The master made other orders on 13 August 2004, including orders granting leave to serve subpoenas on third parties. On appeal, the focus of the Pearces’ submissions was the orders that were made against them which were said to have been the main subject of the arguments before the master.
8Cross-examination of the Pearces took place before the master on 23 August 2004. The trial of the actions was adjourned for reasons which I need not set out. The transcript of the hearing on 23 August 2004 suggests that shortly prior to 23 August 2004, the Pearces filed a fourth list of documents.
At the conclusion of the cross-examination, the Seals made an oral application for the following orders:
1.That Mrs Pearce properly swear an affidavit of discovery setting out the basis for her assertion that there had been full discovery.
2.That there be discovery of trust deeds in relation to the H K Tan Trust and the Pearce No 3 Trust, that discovery be made of financial statements made in respect of Hidel Pty Ltd and Malaugh Holdings (No 2) Pty Ltd in respect to the financial years 1996-97 and 1997-98, that further and better discovery be made of banking records, including deposit slips, not confined to deposit slips in relation to the bank account maintained by Hidel Pty Ltd with the Commonwealth Bank held in account number 10186495 for the period 1 April 1997 to 31 May 1997.
9On 6 October 2004, the master refused to make the order sought in paragraph 1. He invited the parties to make further submissions in relation to the order sought in paragraph 2.
10The master considered the further written submissions lodged by the parties and on 24 January 2005 he made the following order:
I order further discovery by Malaugh Holdings (No 2) Pty Ltd, Richard John Pearce and Barbara Anne Pearce of trust deeds in relation to the H K Tan Trust, the Pearce (No 3) Trust, financial statements in respect of Hidel Pty Ltd and Malaugh Holdings (No 2) Pty Ltd in respect of the financial years 1996-1997 and of 1997-1998, and of banking records, including deposit slips, in relation to the bank account maintained by Hidel Pty Ltd with the Commonwealth Bank held in account number 10186495 for the period 1 April 1997 to 31 May 1997.
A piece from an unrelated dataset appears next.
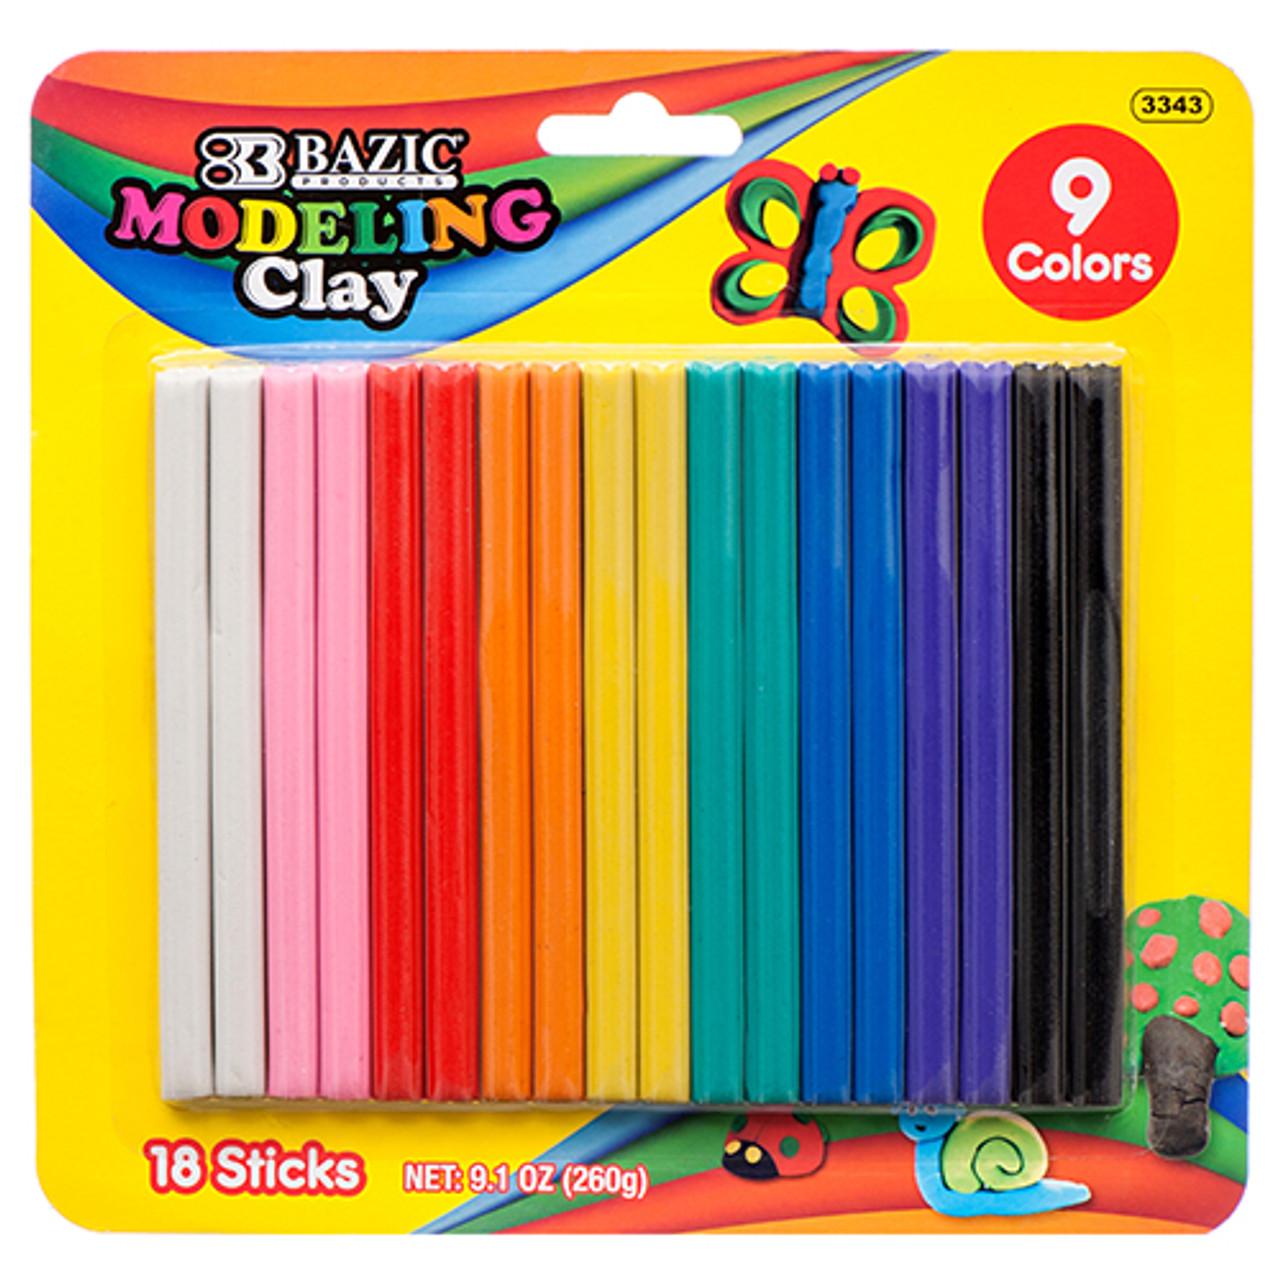 Bazic 1 lbs 4 Modeling Clay Sticks Fluorescent Color | 3321
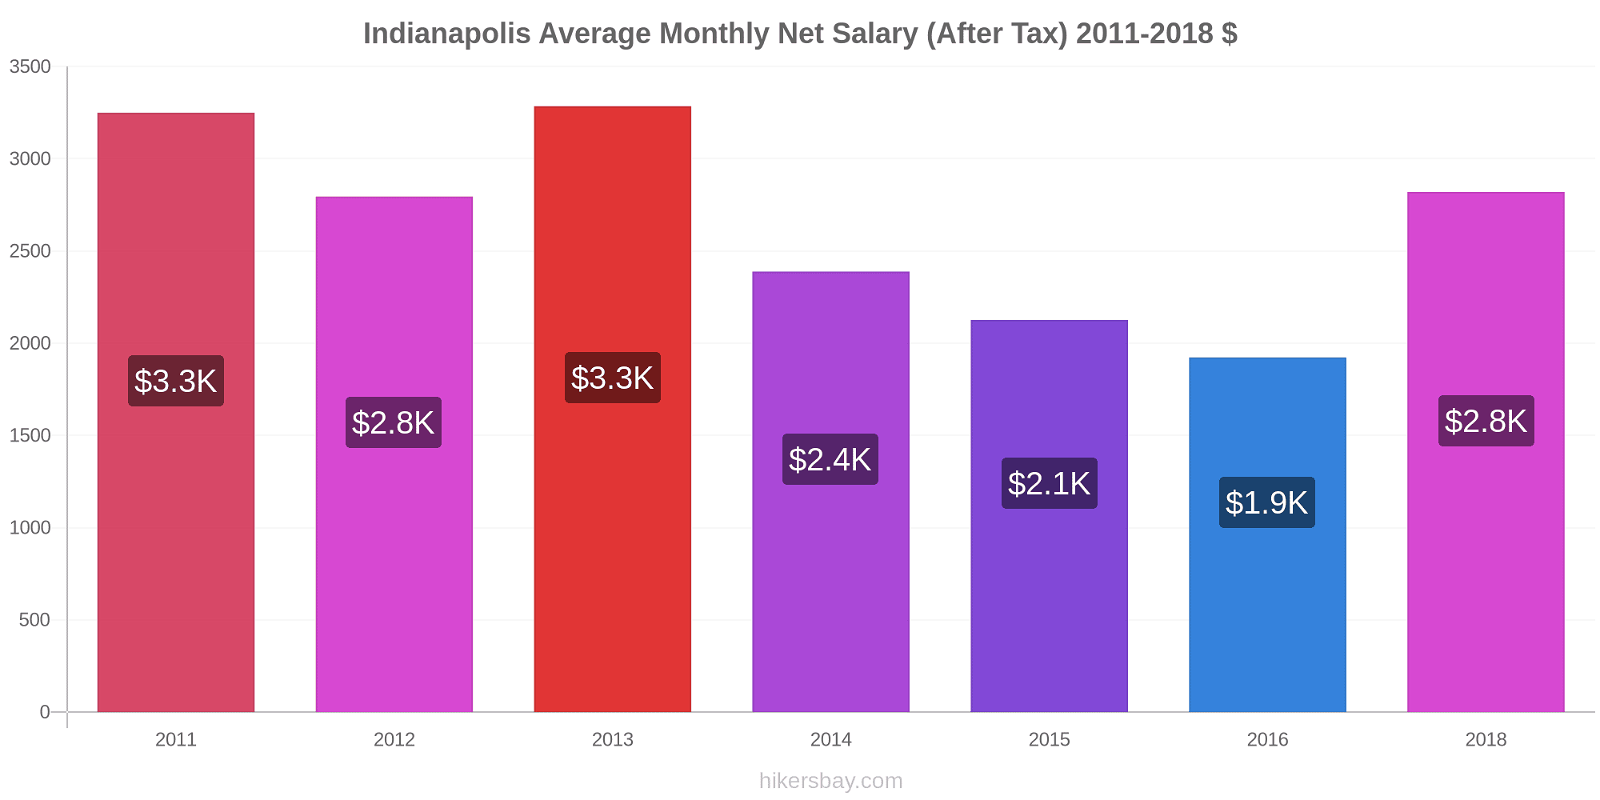 Indianapolis price changes Average Monthly Net Salary (After Tax) hikersbay.com

It seems that that order was made under r 58.04(e) of the District Court Rules 1992.
In the course of his reasons, the master said:
However in their amended defence and in the Statement of Claim in the Seal action, Mr and Mrs Seal (and Pinnipedia Pty Ltd) contend that representations were made by Mr and Mrs Pearce as to the operations of the business, its turnover, etc. Furthermore, the Reply in the Malaugh action (4.2) and the Defence in the Seal action (4.2) put in issue the subject of the negotiations. It is clear, furthermore, that other identities appear to be associated with Malaugh Holdings (No 2) Pty Ltd, namely the H K Tan Trust, the Pearce (No 3) Trust and Hidel Pty Ltd. The bank accounts were conducted on the Hidel Pty Ltd bank account, and loan funds seem to have been put through the accounts of the H K Tan Trust.
It is clear from the Pearces’ evidence that “till tapes” – which would constitute primary evidence of the business’ takings – no longer exist.
Accordingly, other documents which show how much was received by the business would, in my view, be directly relevant and should be discovered.
The master said that even if he was wrong and the documents were not directly relevant, he would make an order for their discovery on the ground that it was in the interests of justice to do so (r 58A.04).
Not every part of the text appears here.